The USA PATRIOT Act and Terrorism Prevention Act (HR 3199) in no way brings the PATRIOT Act into compliance with the Constitution or allays concerns that the powers granted to the government in the act will be used to abuse the rights of the people. Much of the discussion surrounding this bill has revolved around the failure of the bill to extend the sunset clauses.
However, simply sunsetting troublesome provisions does not settle the debates around the PATRIOT Act. If the PATRIOT Act is constitutional and needed, as its proponents swear, why include sunset provisions at all? If it is unconstitutional and pernicious, why not abolish it immediately?
The sunset clauses do perform one useful service in that they force Congress to regularly re-examine the PATRIOT Act. As the people’s representatives, it is our responsibility to keep a close eye on the executive branch to ensure it does not abuse its power. Even if the claims of HR 3199’s supporters that there have been no abuses of PATRIOT Act powers under this administration are true, that does not mean that future administrations will not abuse these powers.
HR 3199 continues to violate the constitution by allowing searches and seizures of American citizens and their property without a warrant issued by an independent court upon a finding of probable cause.
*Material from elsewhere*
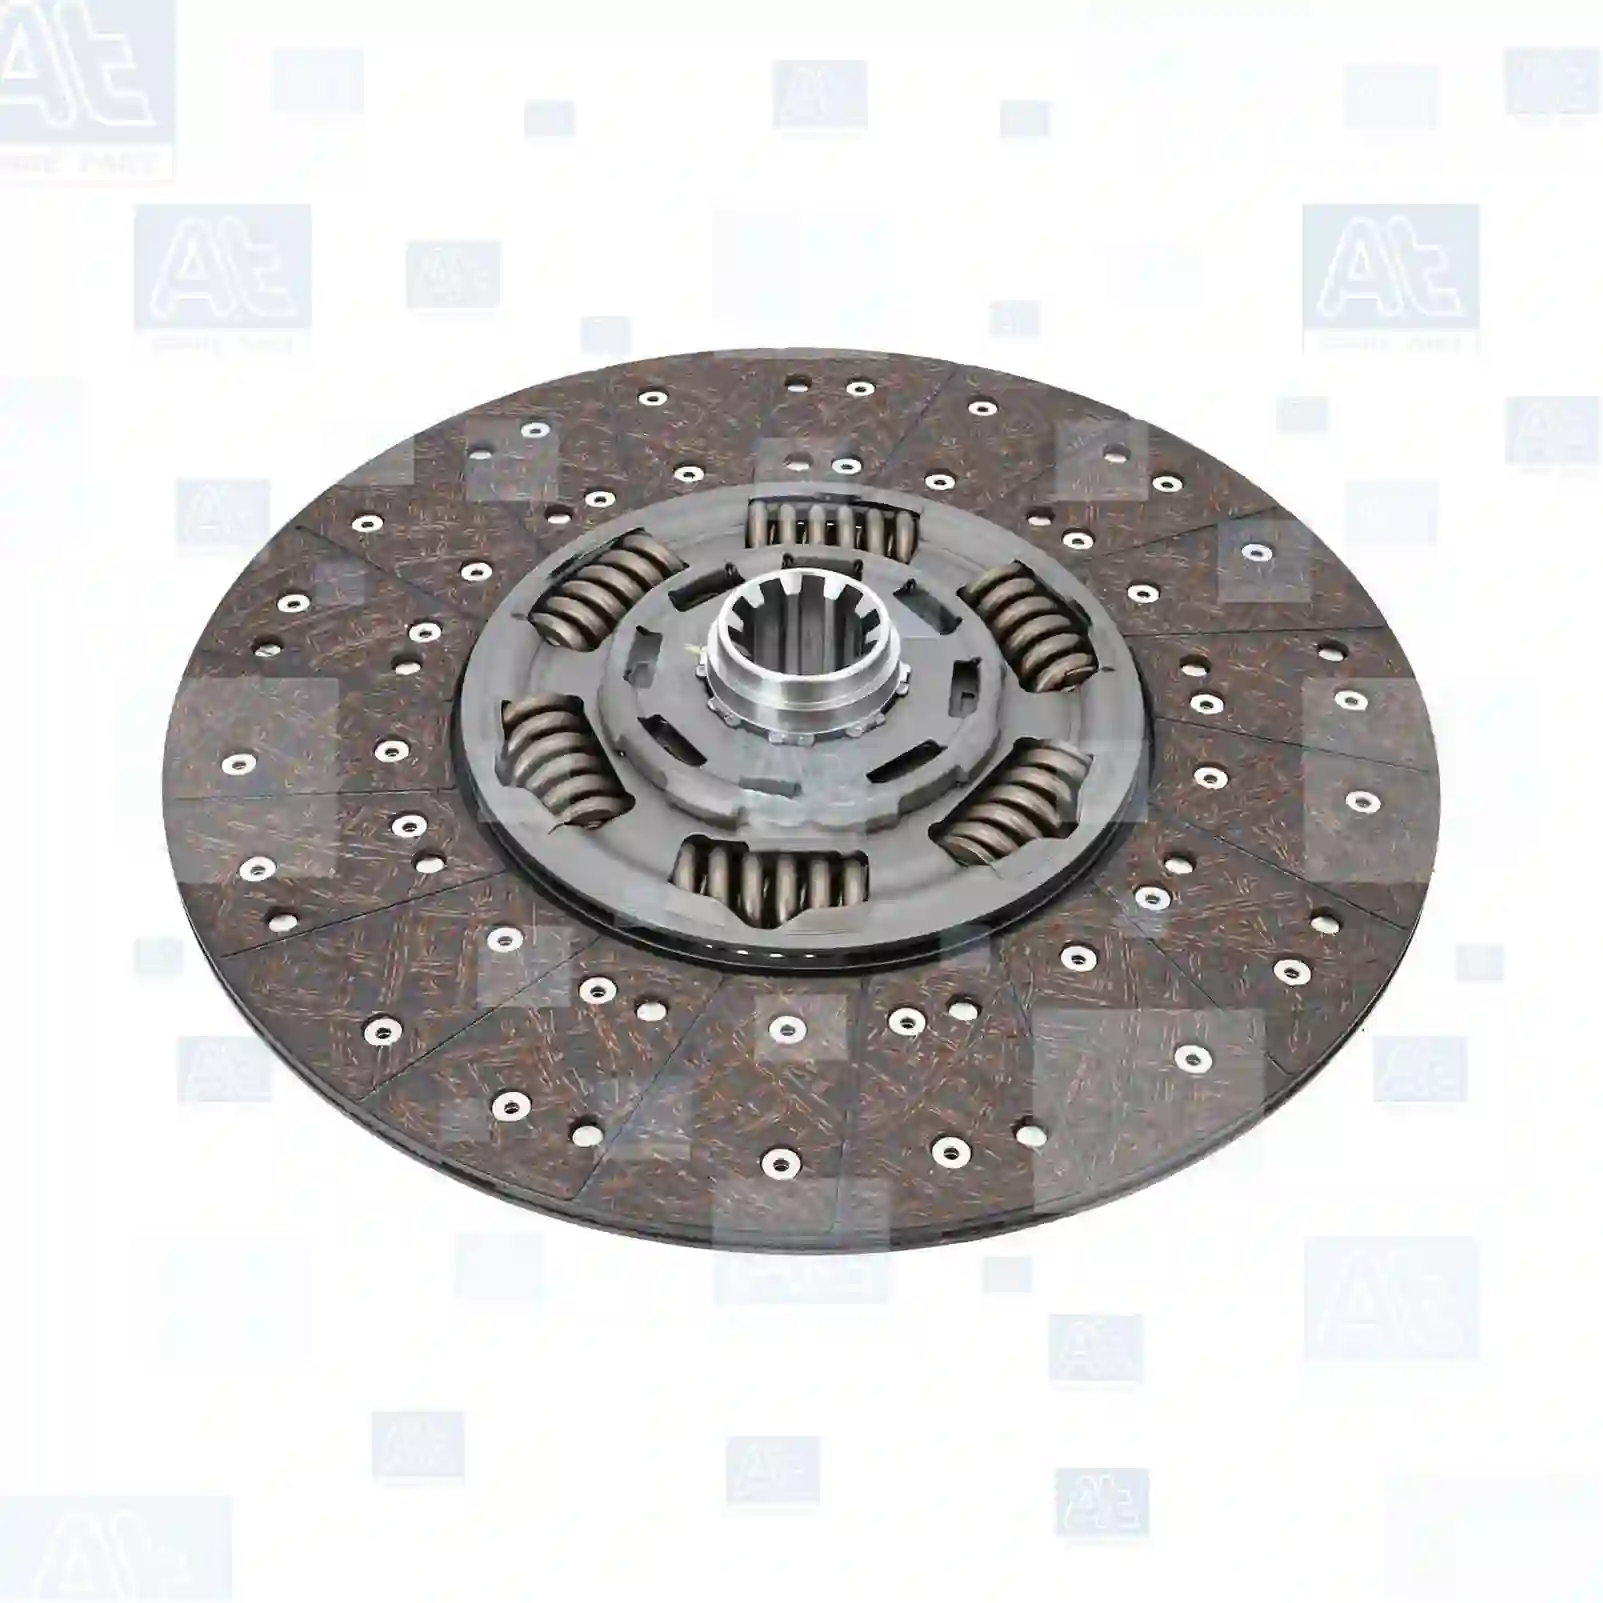 Clutch disc, at no 77721895, oem no: 1663218, 1685707, 1685707A, 1685707R, 1688219, 1846416, 1846416A, 1846416R, 7C467550BA, T165054, 42022207, 504336615, 216300120, 51303010003, 51303010004, 51303010009, 51303010010, 81303010217, 81303010218, 81303010219, 81303010220, 81303010222, 81303010223, 81303010224, 81303010225, 81303010256, 81303010257, 81303010258, 81303010289, 81303010322, 81303010323, 81303010325, 81303010326, 81303010327, 81303010360, 81303010366, 81303010383, 81303010390, 81303010391, 81303010402, 81303010407, 81303010408, 81303010418, 81303010419, 81303010441, 81303010464, 81303010487, 81303010501, 81303010502, 81303010504, 81303010505, 81303010521, 81303010569, 81303010574, 81303010578, 81303010669, 81303016099, 81303019217, 81303019218, 81303019219, 81303019220, 81303019322, 81303019325, 81303019326, 81303019327, 81303019360, 81303019402, 81303019407, 81303019419, 81303019487, 81303019505, 81303019513, 81303019569, 81303019596, 81303019628, 81303019669, 0122509003, 0122509103, 0152509503, 0162504903, 0182508003, 011009997, 011010000, 011060226, 011079830, 042132400, 042134110, 81303010327, 5010244303, 5010244325, 5010245455, 5010452955, 5010545038, 5010545829, 5010613657, 7420076710, 7421076710, TW00718, ZG30294-0008 At Spare Part | Engine, Accelerator Pedal, Camshaft, Connecting Rod, Crankcase, Crankshaft, Cylinder Head, Engine Suspension Mountings, Exhaust Manifold, Exhaust Gas Recirculation, Filter Kits, Flywheel Housing, General Overhaul Kits, Engine, Intake Manifold, Oil Cleaner, Oil Cooler, Oil Filter, Oil Pump, Oil Sump, Piston & Liner, Sensor & Switch, Timing Case, Turbocharger, Cooling System, Belt Tensioner, Coolant Filter, Coolant Pipe, Corrosion Prevention Agent, Drive, Expansion Tank, Fan, Intercooler, Monitors & Gauges, Radiator, Thermostat, V-Belt / Timing belt, Water Pump, Fuel System, Electronical Injector Unit, Feed Pump, Fuel Filter, cpl., Fuel Gauge Sender,  Fuel Line, Fuel Pump, Fuel Tank, Injection Line Kit, Injection Pump, Exhaust System, Clutch & Pedal, Gearbox, Propeller Shaft, Axles, Brake System, Hubs & Wheels, Suspension, Leaf Spring, Universal Parts / Accessories, Steering, Electrical System, Cabin Clutch disc, at no 77721895, oem no: 1663218, 1685707, 1685707A, 1685707R, 1688219, 1846416, 1846416A, 1846416R, 7C467550BA, T165054, 42022207, 504336615, 216300120, 51303010003, 51303010004, 51303010009, 51303010010, 81303010217, 81303010218, 81303010219, 81303010220, 81303010222, 81303010223, 81303010224, 81303010225, 81303010256, 81303010257, 81303010258, 81303010289, 81303010322, 81303010323, 81303010325, 81303010326, 81303010327, 81303010360, 81303010366, 81303010383, 81303010390, 81303010391, 81303010402, 81303010407, 81303010408, 81303010418, 81303010419, 81303010441, 81303010464, 81303010487, 81303010501, 81303010502, 81303010504, 81303010505, 81303010521, 81303010569, 81303010574, 81303010578, 81303010669, 81303016099, 81303019217, 81303019218, 81303019219, 81303019220, 81303019322, 81303019325, 81303019326, 81303019327, 81303019360, 81303019402, 81303019407, 81303019419, 81303019487, 81303019505, 81303019513, 81303019569, 81303019596, 81303019628, 81303019669, 0122509003, 0122509103, 0152509503, 0162504903, 0182508003, 011009997, 011010000, 011060226, 011079830, 042132400, 042134110, 81303010327, 5010244303, 5010244325, 5010245455, 5010452955, 5010545038, 5010545829, 5010613657, 7420076710, 7421076710, TW00718, ZG30294-0008 At Spare Part | Engine, Accelerator Pedal, Camshaft, Connecting Rod, Crankcase, Crankshaft, Cylinder Head, Engine Suspension Mountings, Exhaust Manifold, Exhaust Gas Recirculation, Filter Kits, Flywheel Housing, General Overhaul Kits, Engine, Intake Manifold, Oil Cleaner, Oil Cooler, Oil Filter, Oil Pump, Oil Sump, Piston & Liner, Sensor & Switch, Timing Case, Turbocharger, Cooling System, Belt Tensioner, Coolant Filter, Coolant Pipe, Corrosion Prevention Agent, Drive, Expansion Tank, Fan, Intercooler, Monitors & Gauges, Radiator, Thermostat, V-Belt / Timing belt, Water Pump, Fuel System, Electronical Injector Unit, Feed Pump, Fuel Filter, cpl., Fuel Gauge Sender,  Fuel Line, Fuel Pump, Fuel Tank, Injection Line Kit, Injection Pump, Exhaust System, Clutch & Pedal, Gearbox, Propeller Shaft, Axles, Brake System, Hubs & Wheels, Suspension, Leaf Spring, Universal Parts / Accessories, Steering, Electrical System, Cabin

The drafters of the Bill of Rights considered this essential protection against an overreaching government. For example, Section 215 of the PATRIOT Act, popularly known as the library provision, allows Foreign Intelligence Surveillance Courts, whose standards hardly meet the constitutional requirements of the Fourth Amendment, to issue warrants for individual records, including medical and library records. HR 3199 does reform this provision by clarifying that it can be used to acquire the records of an American citizen only during terrorist investigations. However, this marginal change fails to bring the section up to the constitutional standard of probable cause.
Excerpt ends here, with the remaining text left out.